PRMT1-IN-3 is a potent inhibitor of protein arginine methyltransferase 1 (PRMT1) with an IC50 of 4.11 μM. It also inhibits PRMT6 and PRMT8, with IC50 values of 23.3 and 30.1 μM, respectively. In triple-negative breast cancer (TNBC) cells, PRMT1-IN-3 reduces asymmetric dimethylarginine (ADMA) levels and the histone modification H4R3me2a. It induces cell cycle arrest and apoptosis in MDA-MB-231 cells and inhibits cell migration and colony formation. Furthermore, PRMT1-IN-3 serves as a chemosensitizer for Paclitaxel and is applicable in TNBC research.

PRMT1:4.11 μM

PRMT1-IN-3 (Compound YH-4) significantly enhances the thermal stability of PRMT1 (ΔTm = +5.2°C) at concentrations of 10 μM between 37-65°C, with minimal effect on other PRMT subtypes. It inhibits the growth of MDA-MB-231, HCT116, HeLa, and A549 cells over a 48-hour period with IC50 values of 6.38 μM, 15.29 μM, 12.97 μM, and 9.187 μM, respectively. In a dose-dependent manner, PRMT1-IN-3 (1.25-10 μM, 48 hours) reduces ADMA levels and H4R3me2a modifications in MDA-MB-231 cells. Furthermore, PRMT1-IN-3 (0-20 μM, 72 hours) exhibits synergistic effects with Paclitaxel (PTX) in MDA-MB-231 and MDA-MB-231/Taxol resistant cells, with resistance indices of 9.0 and 92.7, respectively. The compound also induces G0/G1 phase arrest, apoptosis, and inhibits cell migration in MDA-MB-231 cells at concentrations of 0-40 μM over 0-48 hours. Finally, PRMT1-IN-3 at 20 μM concentration almost completely suppresses colony formation of MDA-MB-231 cells over a 10-day period.

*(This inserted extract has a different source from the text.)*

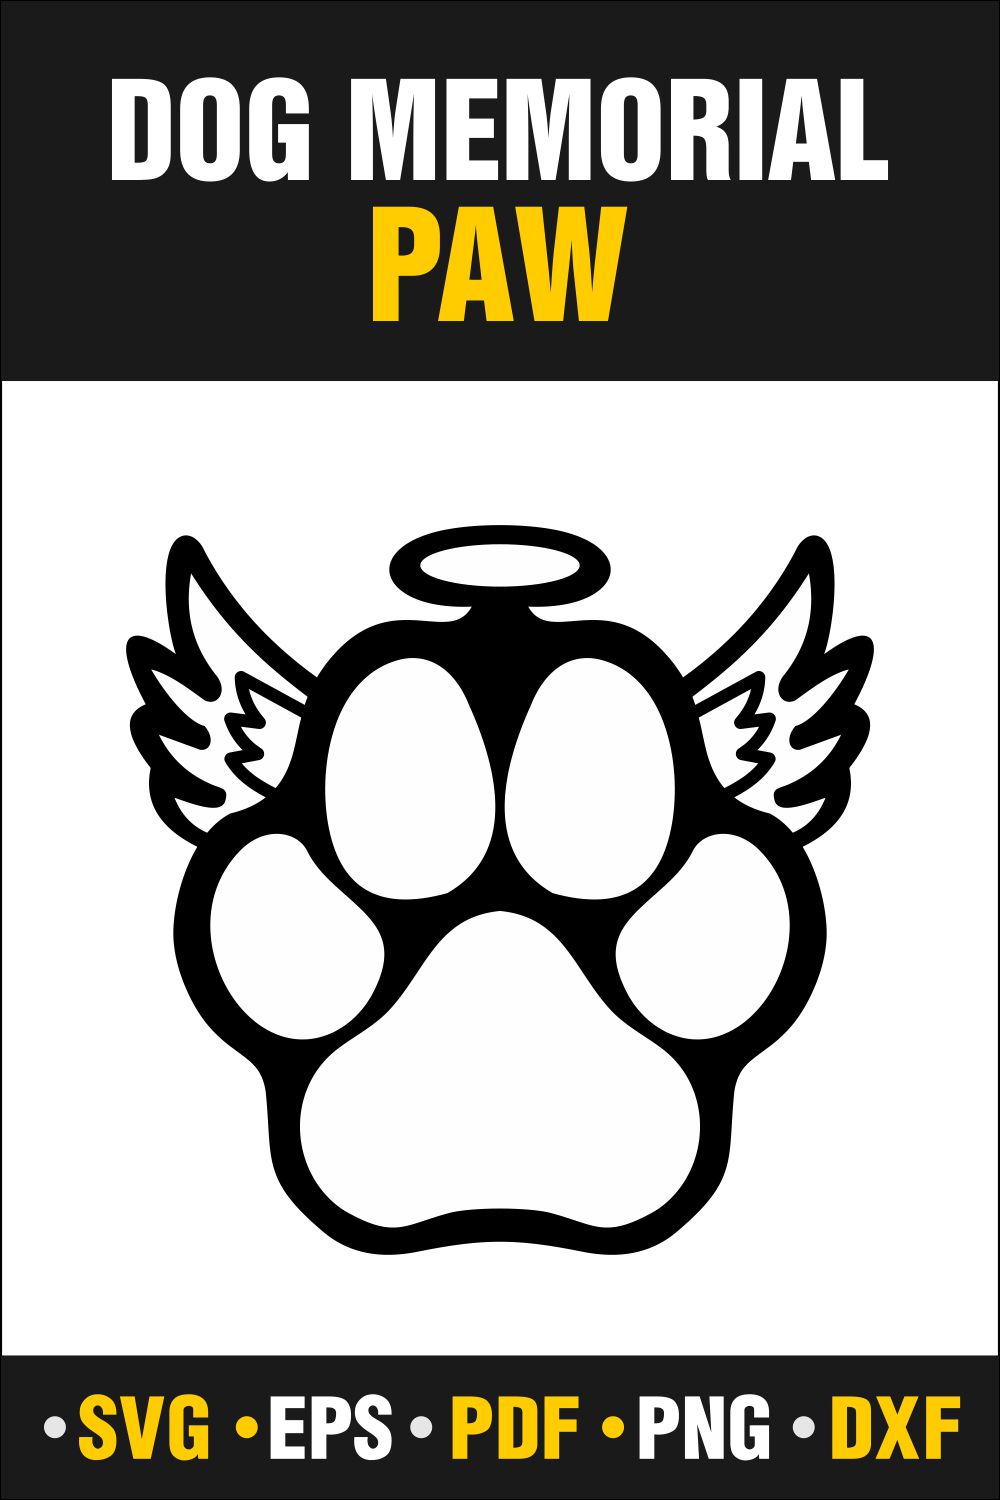 Dog memorial paw with angel wings.

PRMT1-IN-3 (Compound YH-4) administered at 30 mg/kg via intraperitoneal injection for 7 consecutive days, followed by a 3-day drug-free period over a total of 21 days, acts as a chemosensitizer for PTX. It enhances the therapeutic efficacy and markedly reduces the required dosage and side effects in a TNBC mouse model.